# Общий раздел > Новости, факты и мнения > Новости Беларуси >  Лукашенко рассказал с кем спит

## Mr_Vinni

Александр Лукашенко рассказал интимные подробности своей жизни, отвечая на вопрос студентки Евразийского национального университета (ЕНУ) в Астане 25 мая.

"Когда у меня спрашивают, как президент спит, то я говорю, что, может, вы еще спросите, с кем спит? Я вам отвечу. С телефонами. Телевизор, телефоны... Прямо в спальне на тумбочках. А вдруг министру иностранных дел надо срочно решить вопрос. Ну, он нечасто звонит. Может, таких чрезвычайных вопросов не было.
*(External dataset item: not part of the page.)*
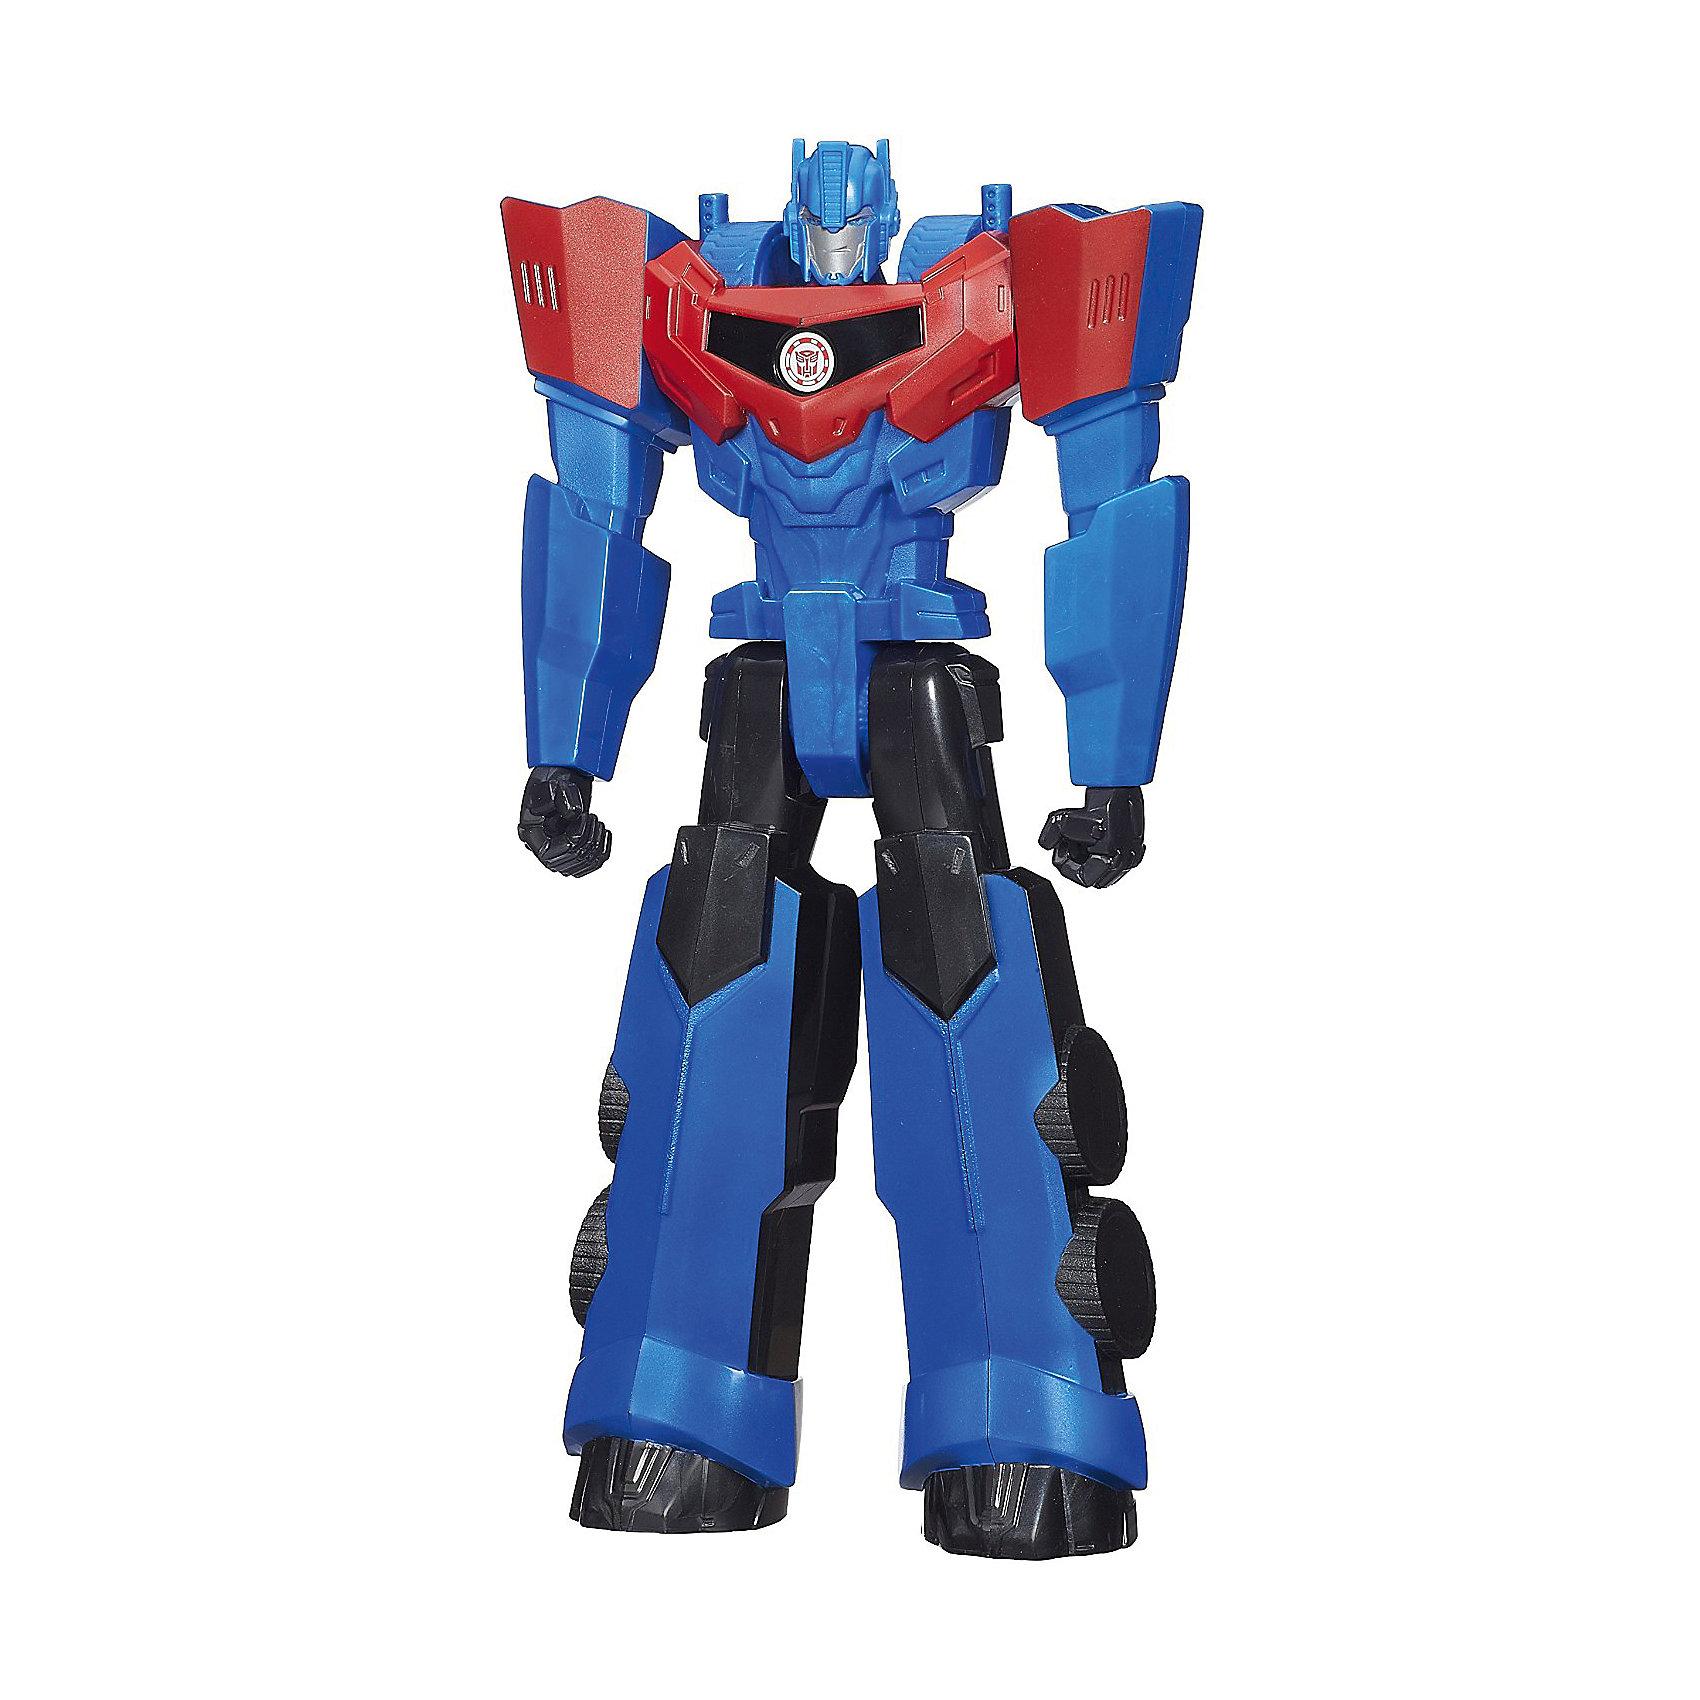 Hasbro Титан: Роботы под прикрытием, 30 см, Трансформеры, B0760/B1295 hasbro hasbro трансформеры robots in disguise autobot drift

А министр обороны? Ты главнокомандующий вооруженными силами. А, не дай бог, случилось, как у нас в метро в последнее время?", - поделился подробностями президентского графика Лукашенко.

Именно в таких случаях роль президента, по его мнению, выходит на первый план, и руководитель страны должен без колебаний "идти, не боясь, что тебя могут застрелить или ты можешь куда-то попасть, в какую-то ситуацию". "Поэтому нет этого привычного графика, привычного для людей", - заключил белорусский лидер.

Рабочий день президента Беларуси, по его собственным словам, начинается с телефонных переговоров, докладов подчиненных, просмотра новостей и анализа печатных СМИ. Все это продолжается до полудня, передает Tengrinews.kz.

"Особенно сейчас для меня это очень важно. Бряцают с востока-запада каждый день. Вот такая кутерьма", - посетовал Александр Лукашенко.

А далее по графику начинаются совещания с участием главы государства. Они, по словам Лукашенко, проходят "с 12-ти и до упора, до четырех, до пяти". "Это святое, где я завязан на людей", - поведал президент Беларуси о нелегком труде главы государства.

После публичных мероприятий президент Беларуси в своей загородной резиденции принимает "каких-то бизнесменов, каких-то друзей, врагов". "В этой обычной кутерьме надо найти время, чтобы потренировать хоккейную команду. Приходится находить время, чтобы заниматься спортом, где-то рубить дрова, это тоже физические упражнения, косить траву, это тоже очень полезно, кто из деревни, меня поддержит, бегать на лыжах, лыжероллерах. А еще у меня же семь лет скоро пацаненку будет, мне же его нужно научить всему этому", - с улыбкой рассказал об отцовских обязанностях Лукашенко.

А завершил он свое повествование приглашением в Беларусь студентки, которая задала вопрос. Ее ожидают косьба, рубка дров и прочие физические упражнения в компании с Александром Лукашенко. А после купание в озере.

----------


## JAHolper

...нагишом =)

----------


## Mouse

спорцмэн, комсомол, ну на все руки мастер, и главное - красавэц!

----------


## Carlen

> А после купание в озере.


Интересно в каком озере купается президент со студентками ЕНУ и другими студентками... Да и купается ли? ))

----------